┌─ COLLECTED MATERIAL

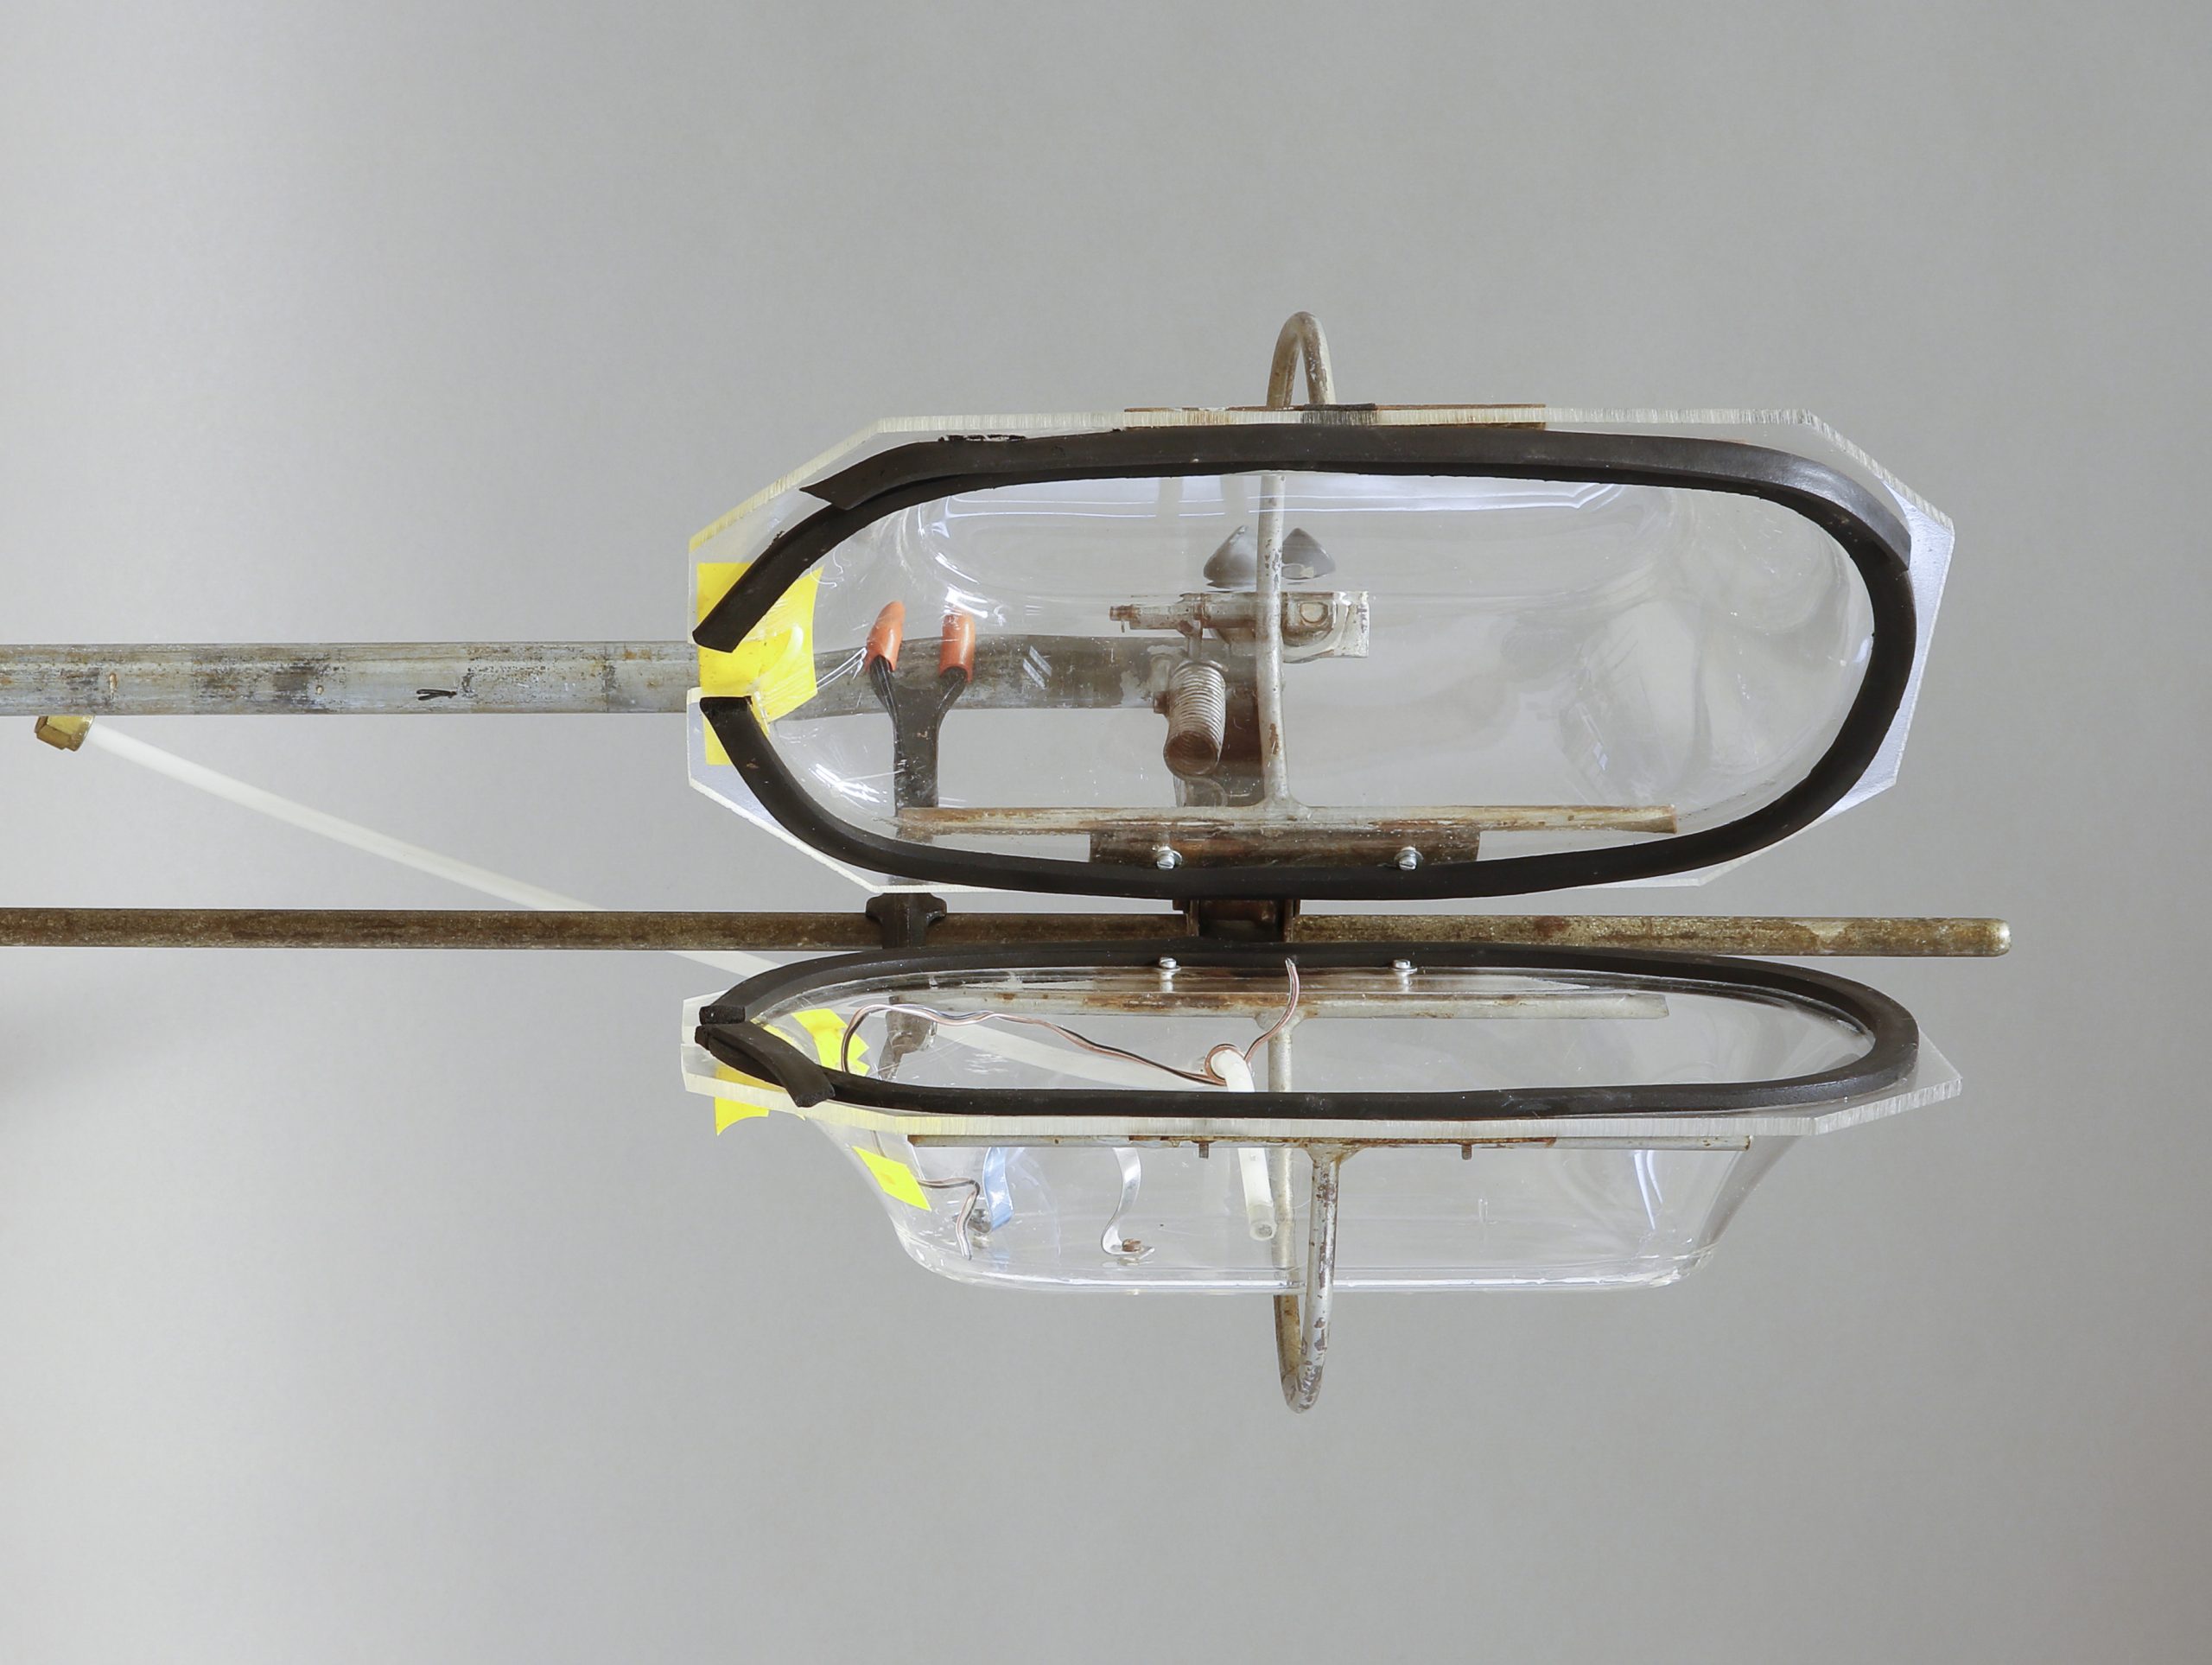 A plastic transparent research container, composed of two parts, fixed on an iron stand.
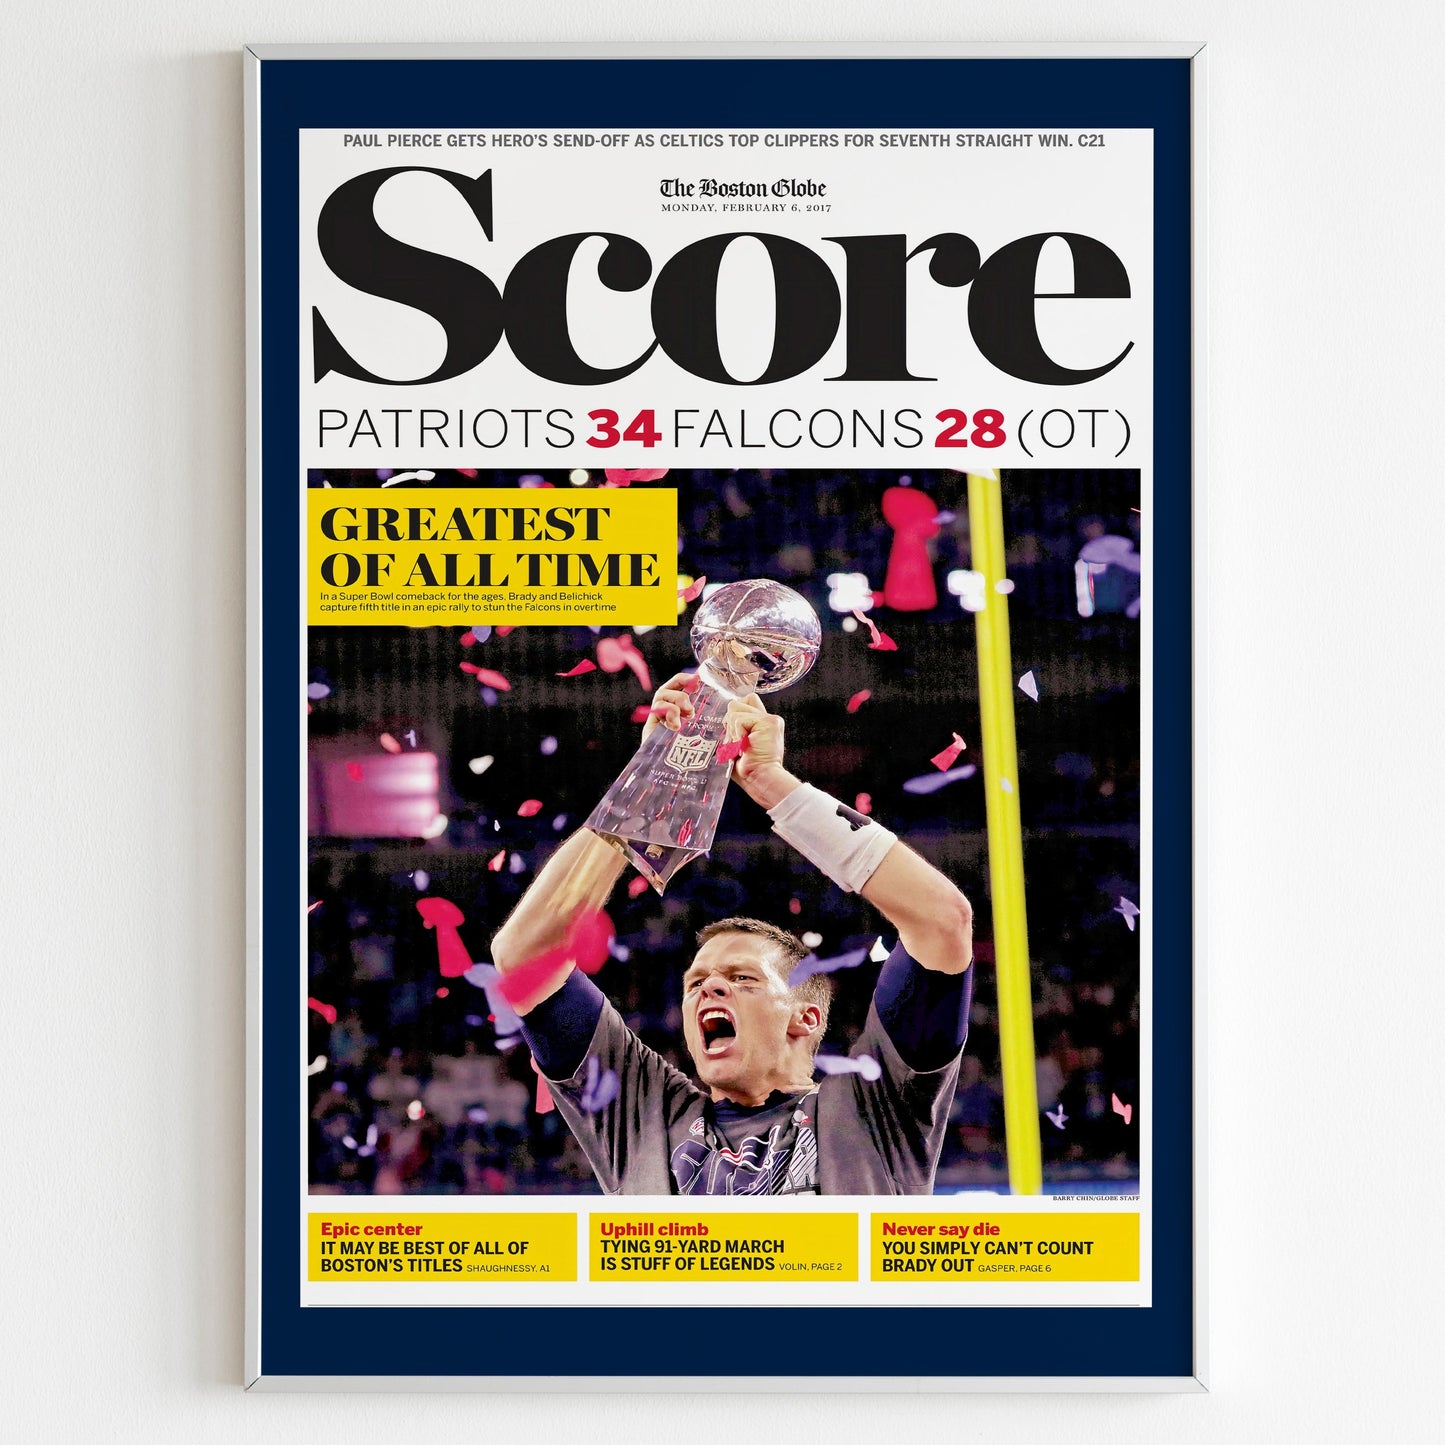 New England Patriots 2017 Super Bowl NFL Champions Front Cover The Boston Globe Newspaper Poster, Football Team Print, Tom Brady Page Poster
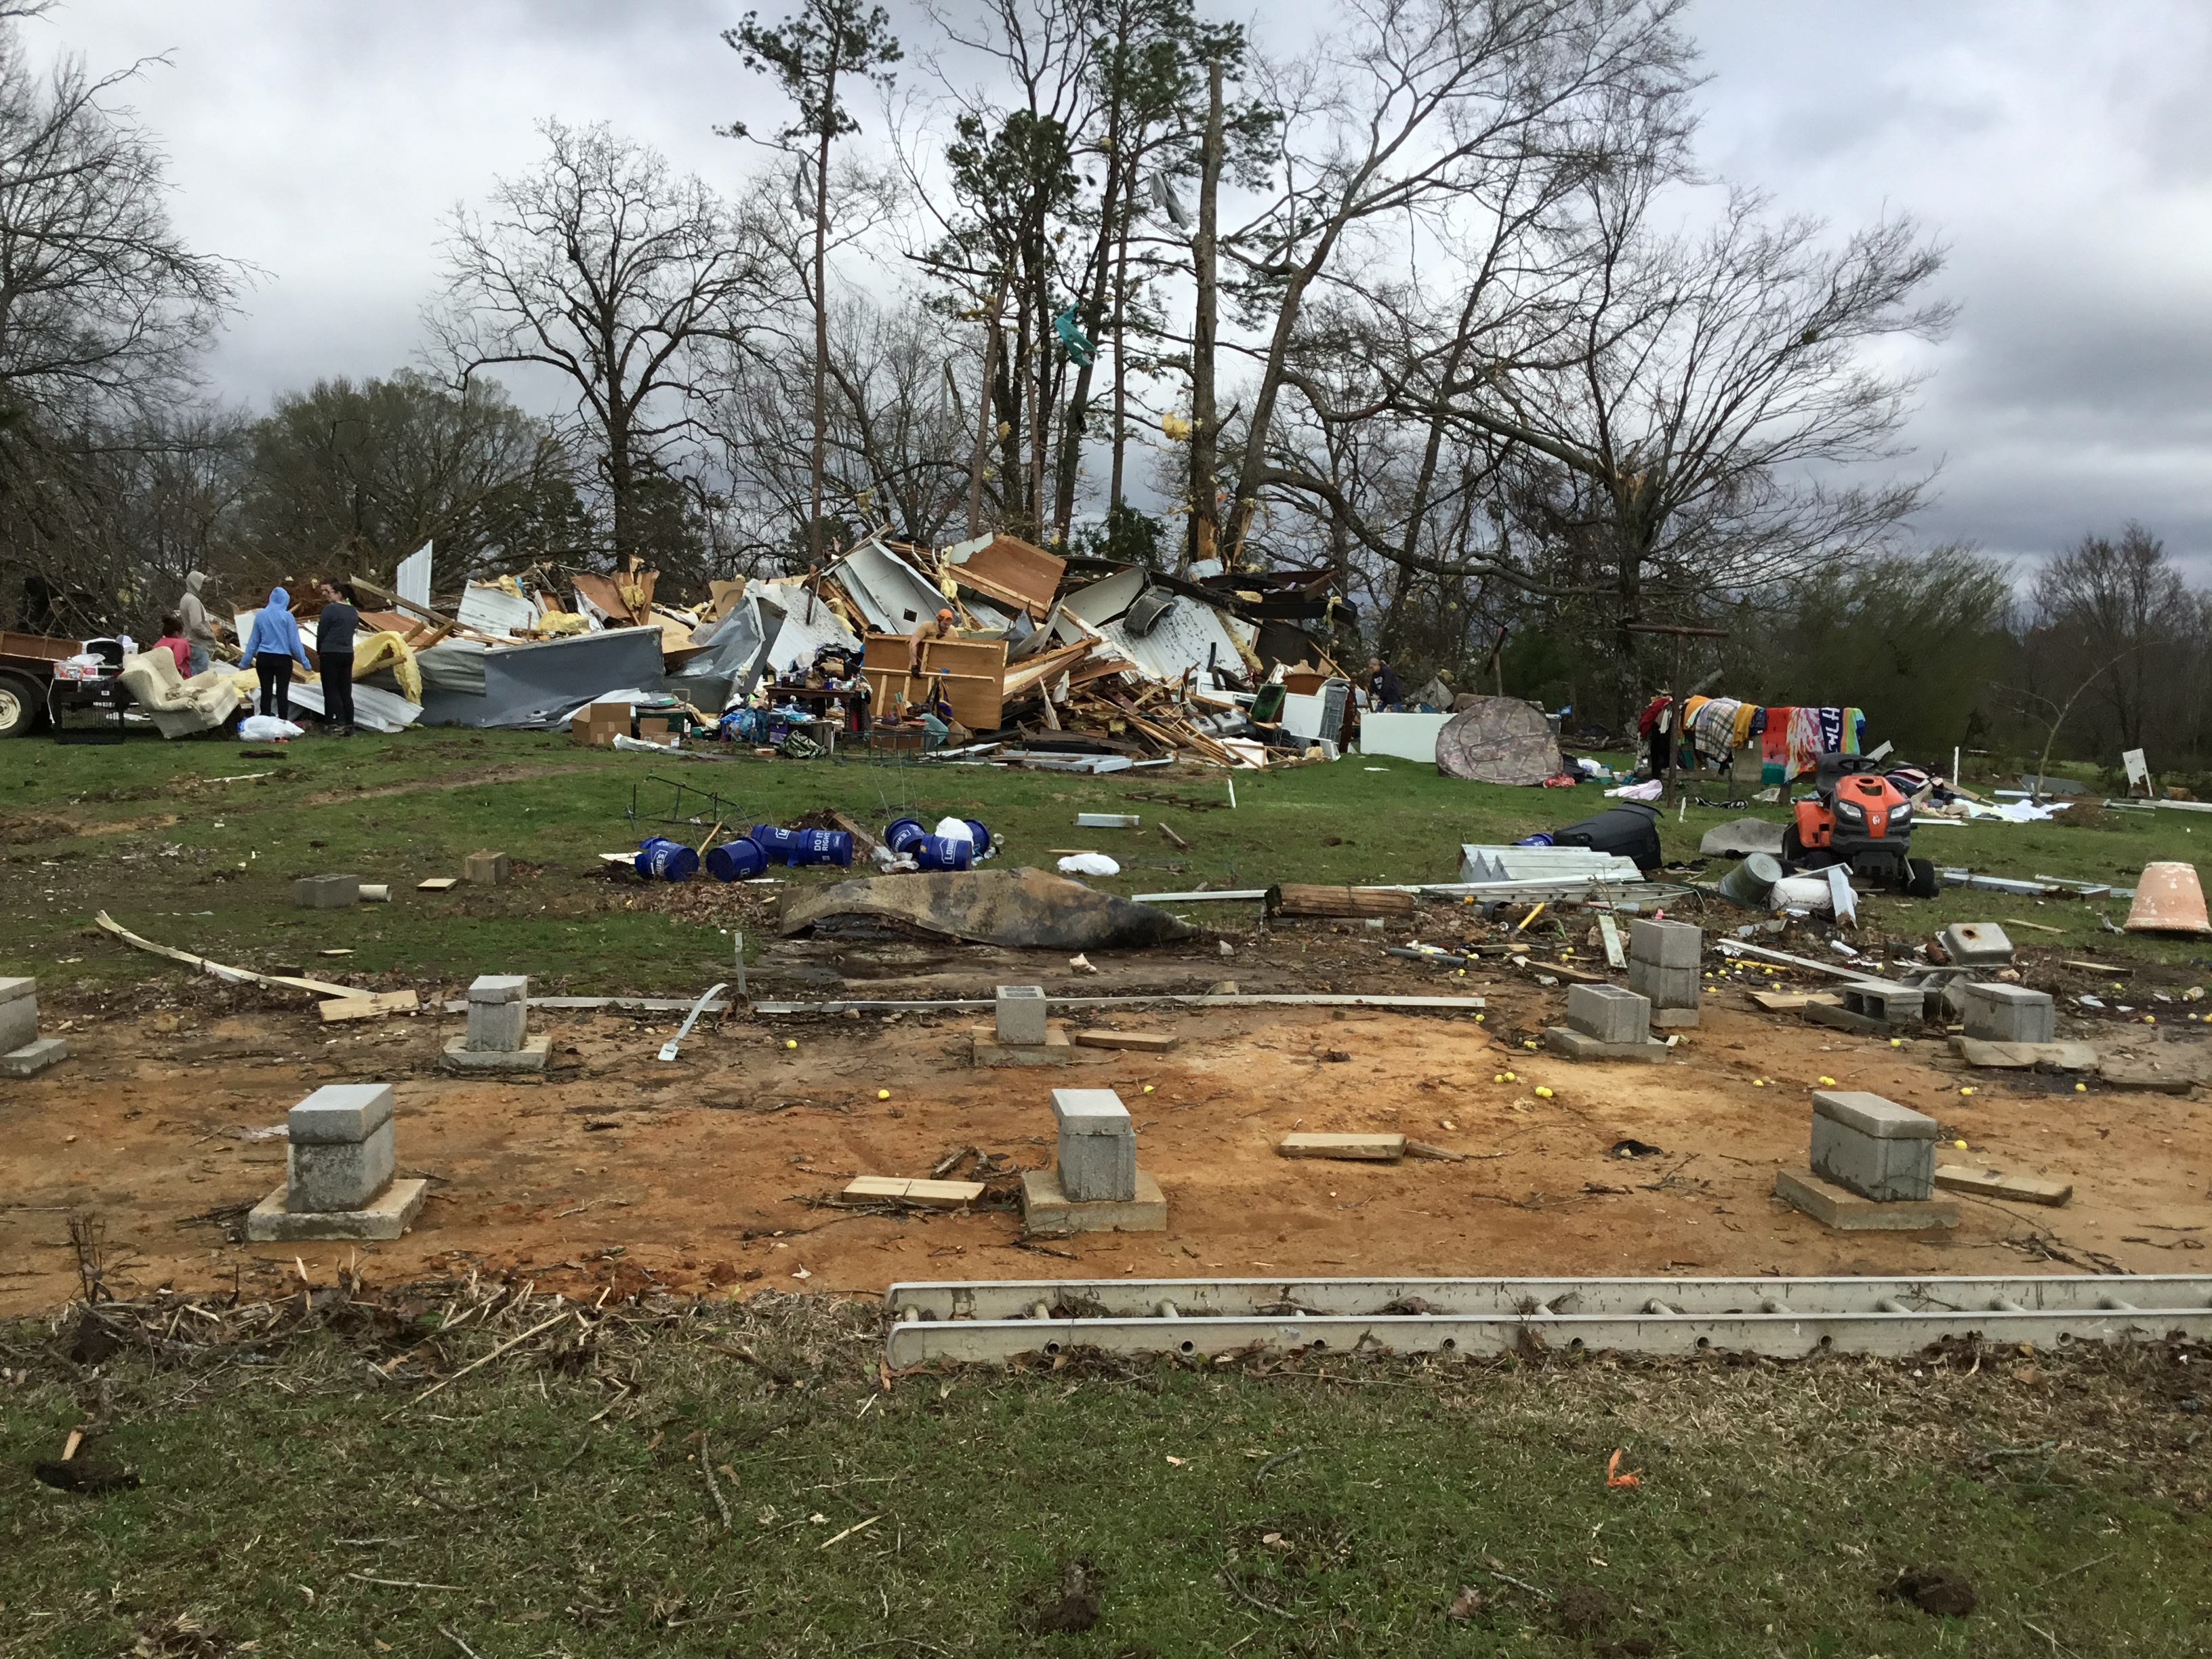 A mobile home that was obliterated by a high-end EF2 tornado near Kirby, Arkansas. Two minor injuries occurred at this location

└─

> [WORK INSTRUCTIONS]: For this exercise, transcribe exactly only the lines from the one containing "New England Patriots" through the end of the listing, inclusive, without the pictures.

> [WRITTEN RESPONSE]:
 New England Patriots 2017 Super Bowl NFL Champions Front Cover The Boston Globe Newspaper Poster, Football Team Print, Tom Brady Page Poster
 A mobile home that was obliterated by a high-end EF2 tornado near Kirby, Arkansas. Two minor injuries occurred at this location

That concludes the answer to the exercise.